* _Assignment_
All pictures are to be dropped, and the remaining data set down exactly.

* _The data_

────────────────

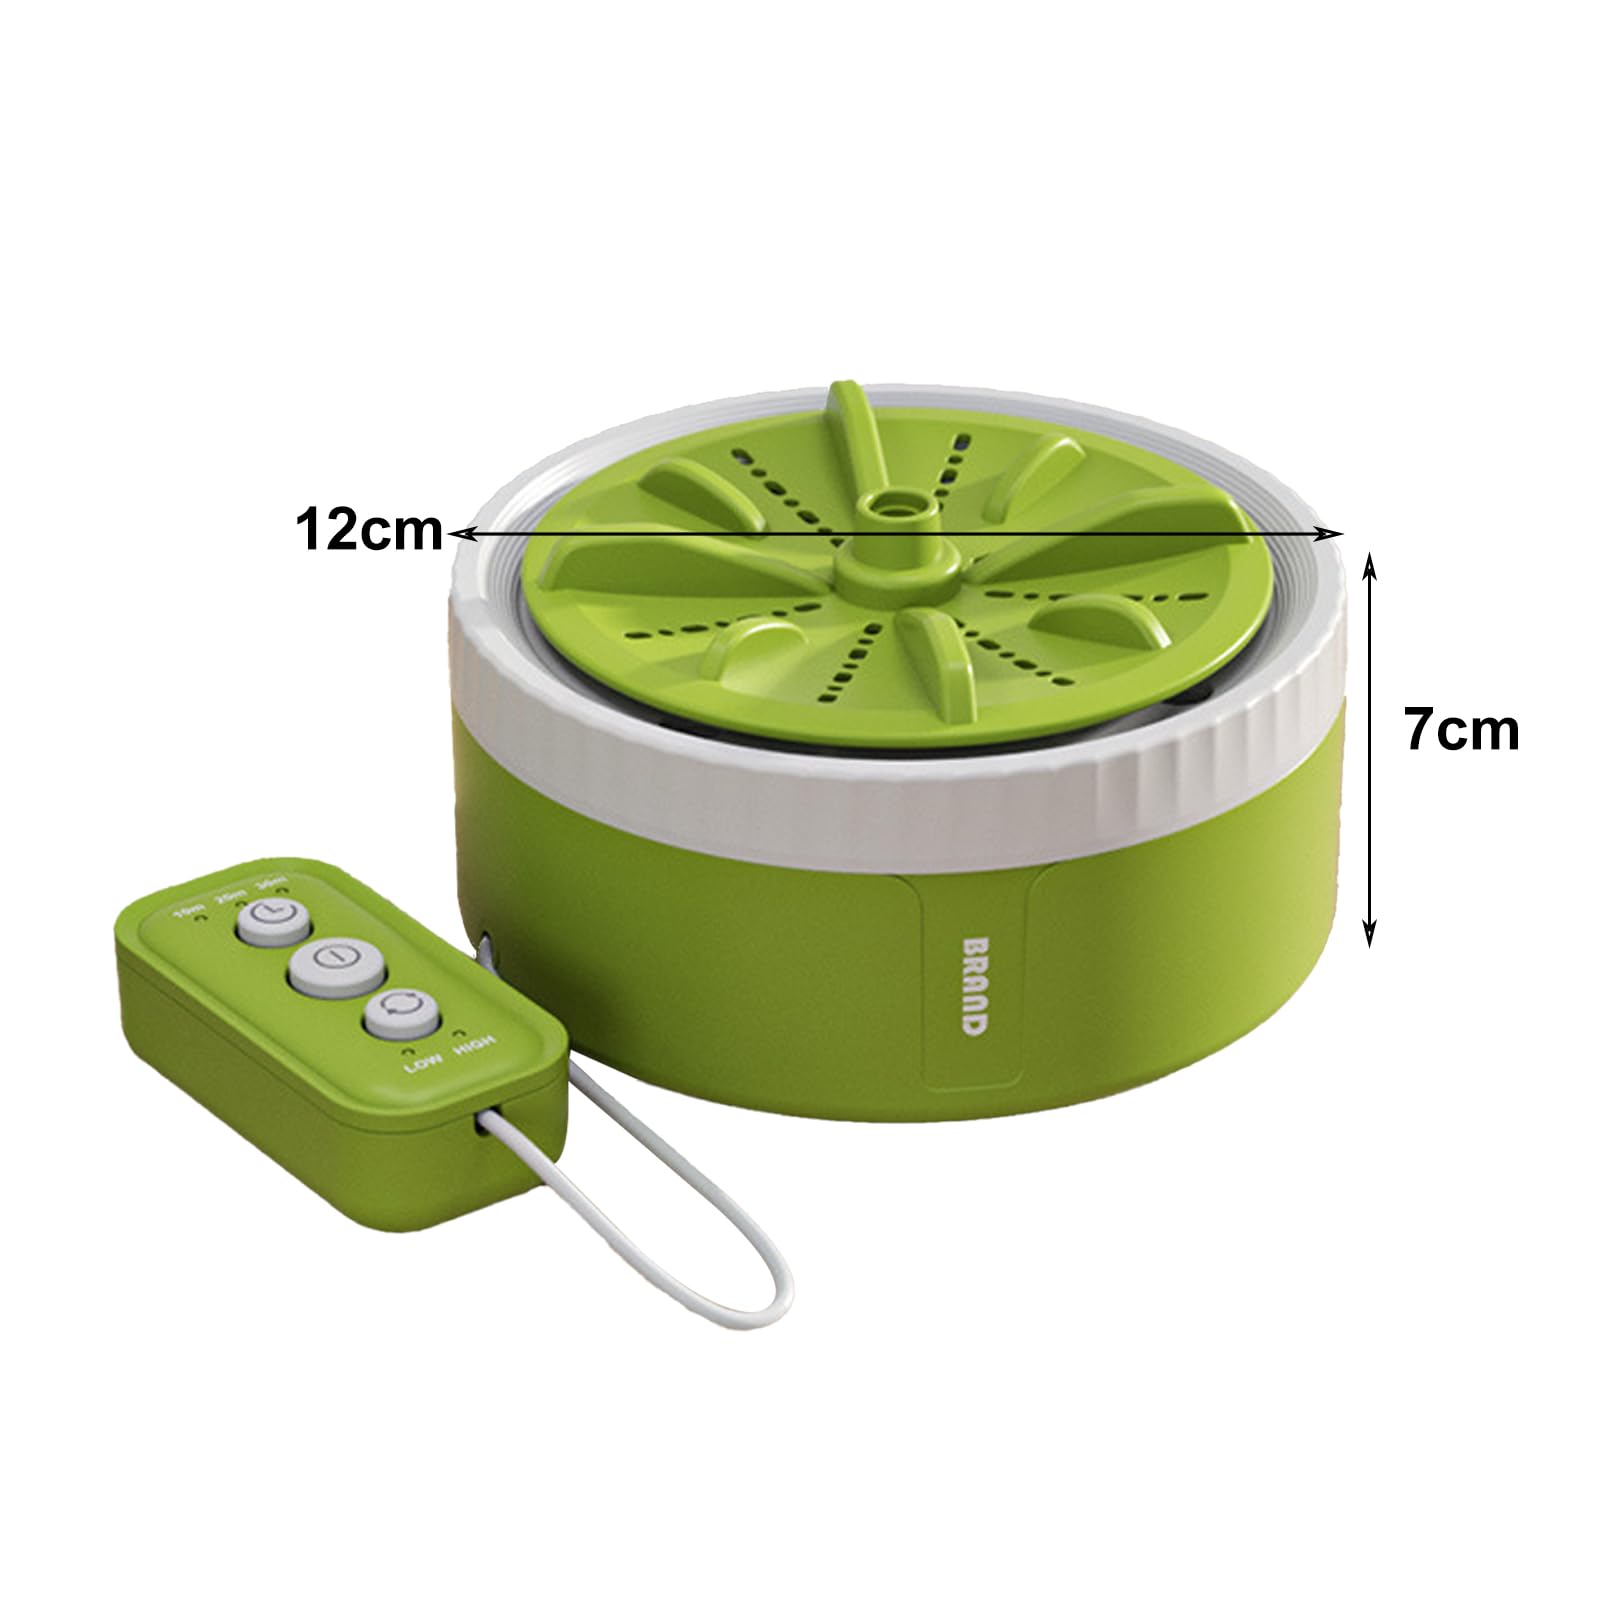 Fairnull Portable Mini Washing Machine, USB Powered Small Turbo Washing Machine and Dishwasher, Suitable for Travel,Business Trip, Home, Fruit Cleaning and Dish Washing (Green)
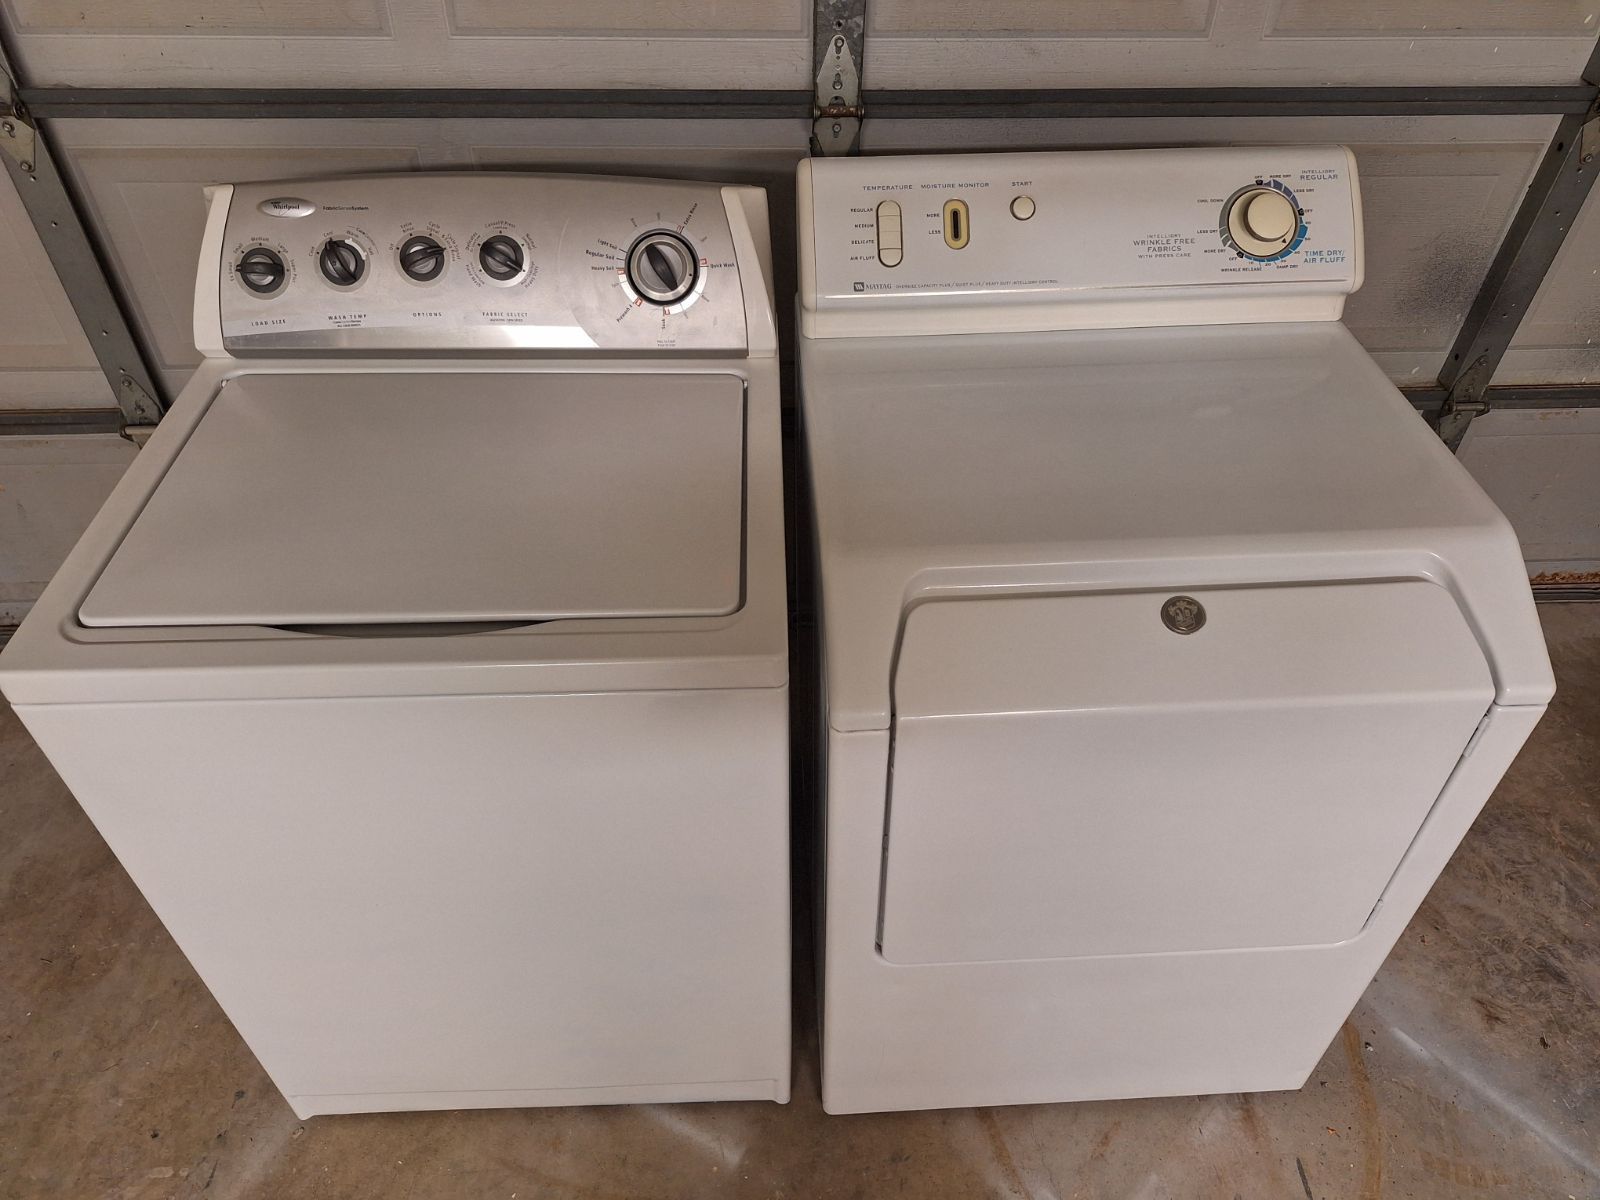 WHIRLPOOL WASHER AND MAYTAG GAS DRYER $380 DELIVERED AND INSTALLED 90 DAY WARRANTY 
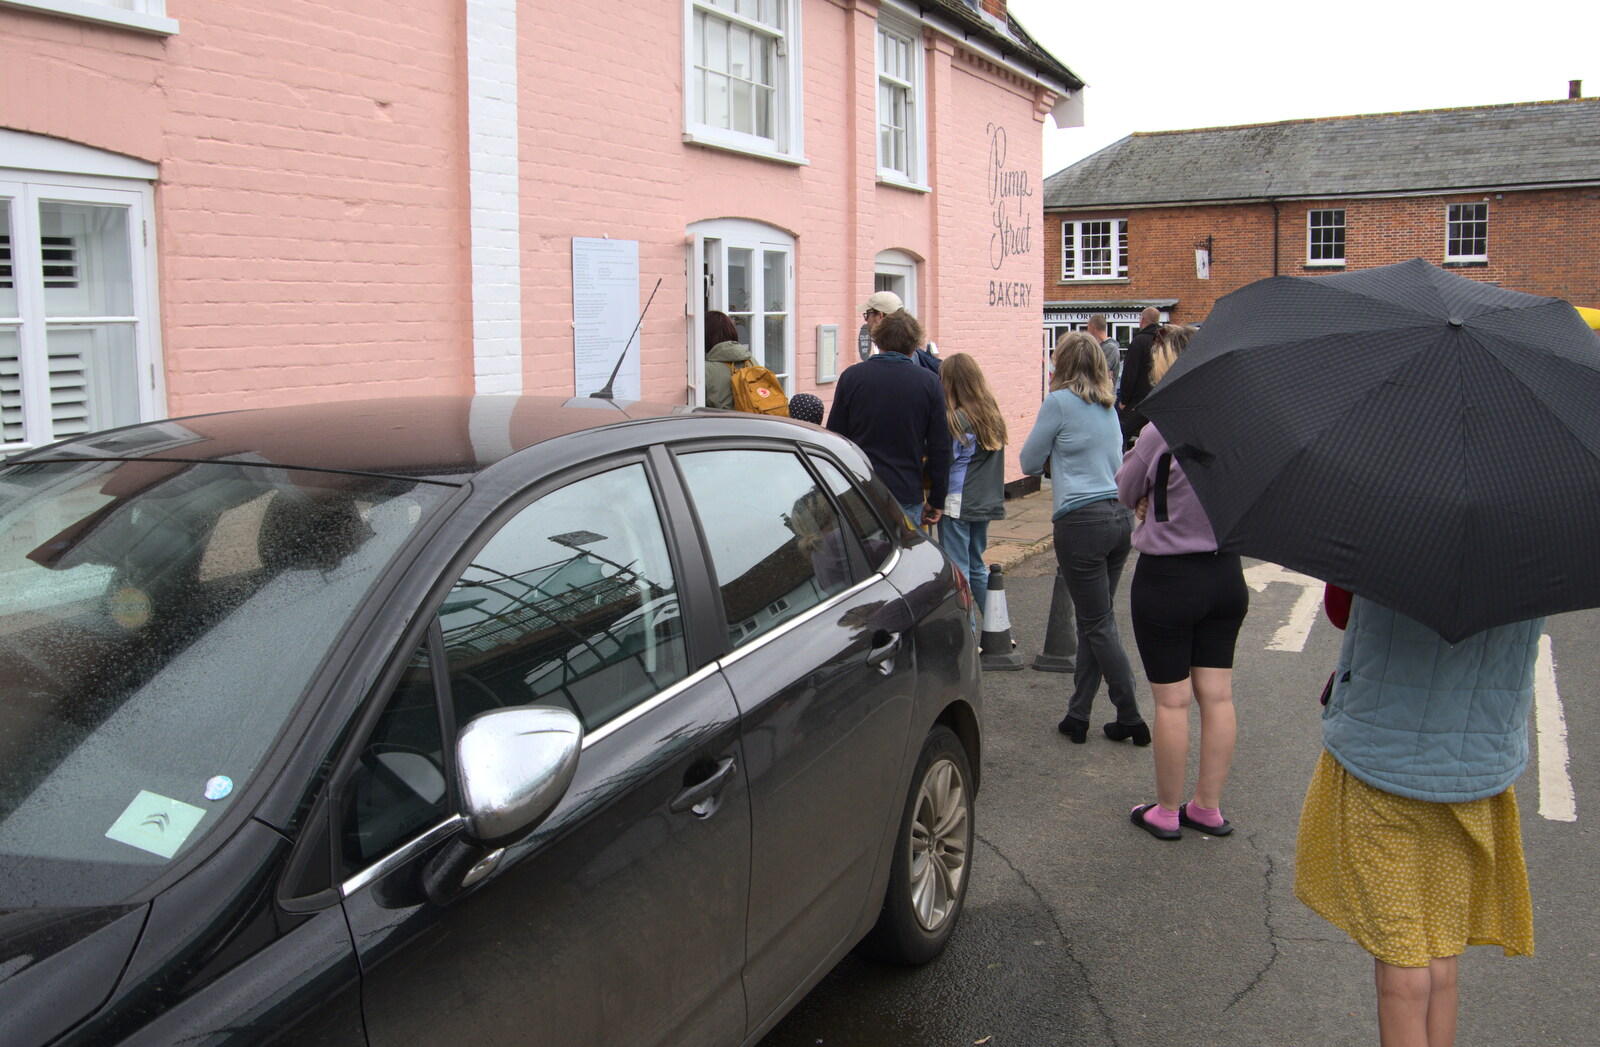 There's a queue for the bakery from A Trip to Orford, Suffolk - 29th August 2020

────────────────

* _Result of this task_
 Fairnull Portable Mini Washing Machine, USB Powered Small Turbo Washing Machine and Dishwasher, Suitable for Travel,Business Trip, Home, Fruit Cleaning and Dish Washing (Green)
 WHIRLPOOL WASHER AND MAYTAG GAS DRYER $380 DELIVERED AND INSTALLED 90 DAY WARRANTY 
 There's a queue for the bakery from A Trip to Orford, Suffolk - 29th August 2020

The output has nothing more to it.